Allan Musoke
- Born: 1980 (age 45–46)

Rugby union career
- Position: Wing

International career
- Years: Team / Apps / (Points)
- Uganda

= Allan Musoke =

Rugby union player (born 1980)

Allan Musoke, also known as Sokee, was born in 1980. He is a retired rugby player who played in the Uganda rugby union. He plays as a wing. Musoke had a decorated career with the Uganda National Rugby team and his club the UTL Kobs and he is considered to be one of Uganda's greatest rugby players. Professionally, he is a Learning and Development professional who works as a Human Resources Consultant with Strategic Engagement Limited.

== Career ==
Musoke practiced several sports since his youth years. He played basketball for DMark Power in the FUBA League, from 1996 to 1999. In 1999, he joined Kobs RFC while he was still at Kings College Buddo. From 2000 to 2002, he played football for Nsibirwa Hall at Makerere University, as a striker, until he decided to dedicate himself exclusively to rugby union thus joining Uganda Telecom Kobs Rugby Club (UTL) and in 2006, he captained Uganda at the Commonwealth Games.
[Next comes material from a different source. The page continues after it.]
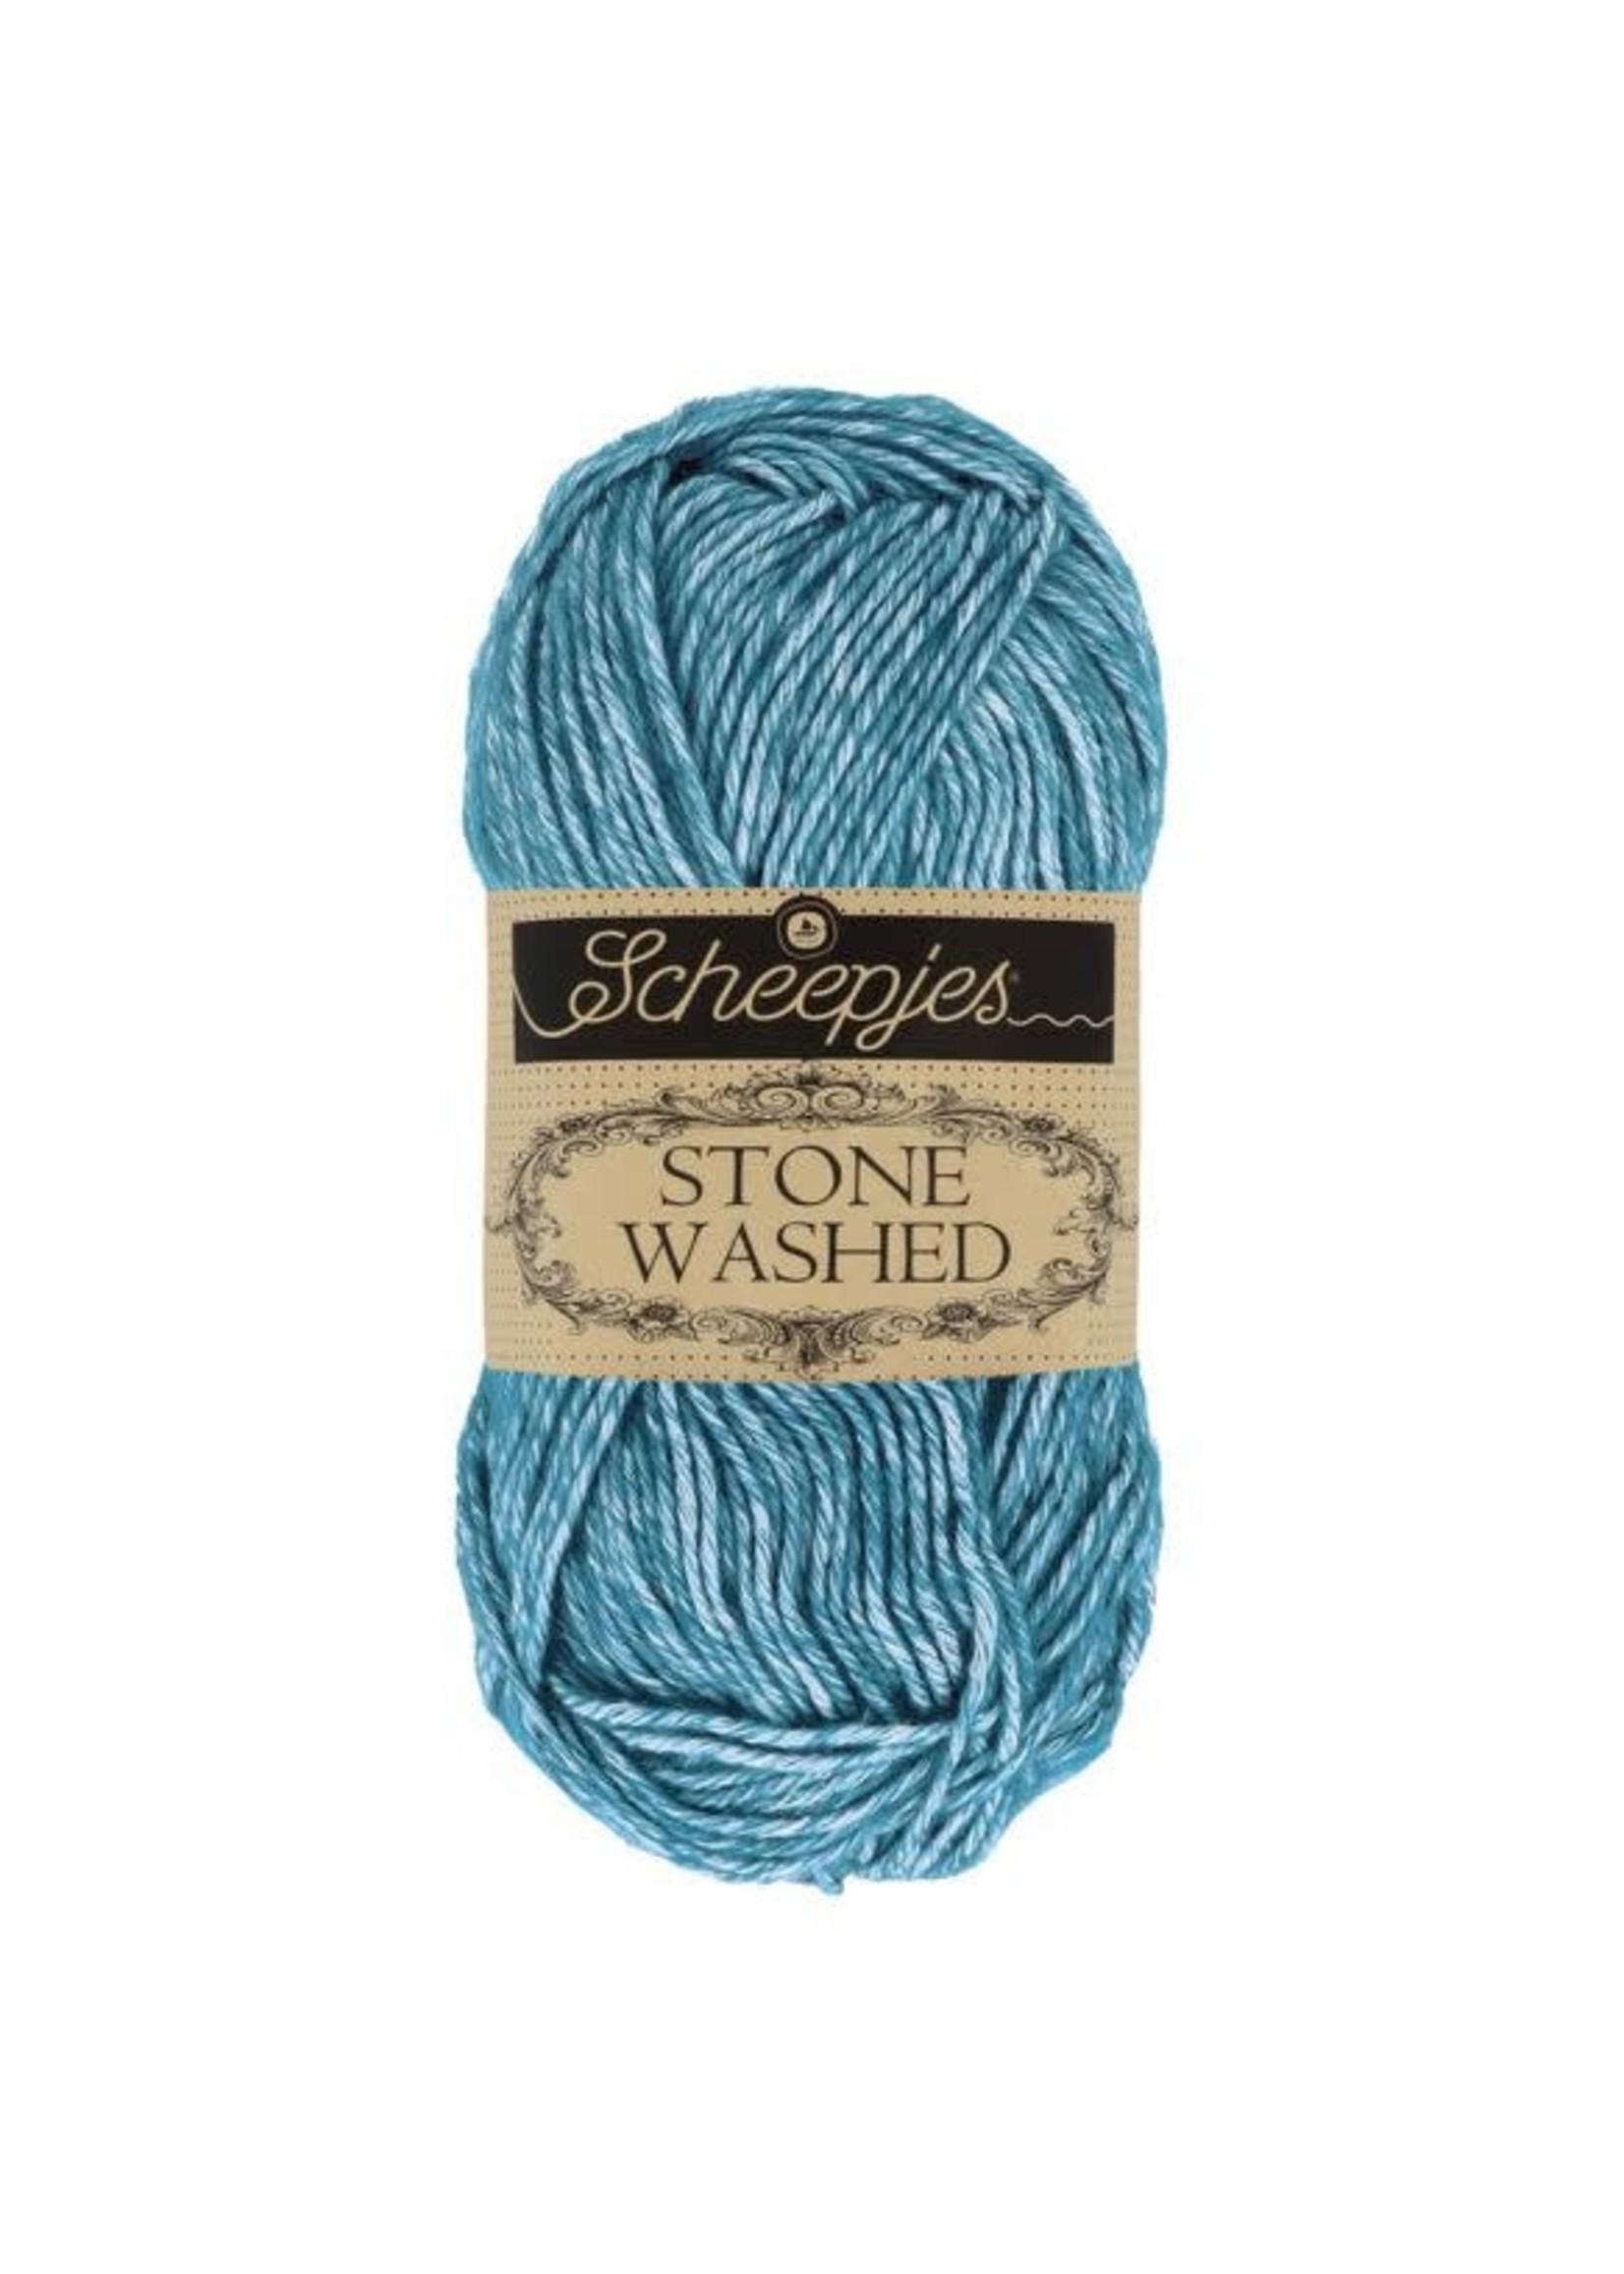 Scheepjes Stone Washed 50gr - 805 Blue Apatite

Musoke is a two-time Most Valuable Player (MVP) of the Uganda rugby league.

At international level, he played for the Uganda, and is currently the top scorer for the "Cranes". He was a key player in the team that won the CAR Africa Cup on 29 September 2007, in a 42–11 win over Madagascar, in a game where he scored a try.

Musoke also played for the African Leopards multinational team, on July 23, 2005, in the 15–30 loss to the South African Students, in Ellis Park, Johannesburg and was then part of 2 subsequent tours to the United Kingdom (British Army) and France (France U20). Musoke is a six time title champion in the Uganda Rugby League and also won four cups with the Kobs.

Since retiring from active play, Musoke has transitioned into a professional career as a Learning and Development Senior Consultant in Human Resources. He has also served as a commentator and mentor for the sport, helping to develop younger players.

== Awards and achievements ==
Musoke was part of the Uganda Rugby Cranes team that won the CAR Africa Cup on 29 September 2007.

In 2006, he was named as the Most Valuable Player in the Ugandan league.

Musoke was part of the Uganda Rugby Cranes team that won the CAR Africa Cup in 2002.

Musoke while at UTL Kobs, he won six Uganda Rugby League titles that is to say in 2003, 2006, 2007, 2008, 2014 and 2016.

He is also a four‑time Uganda Cup winner.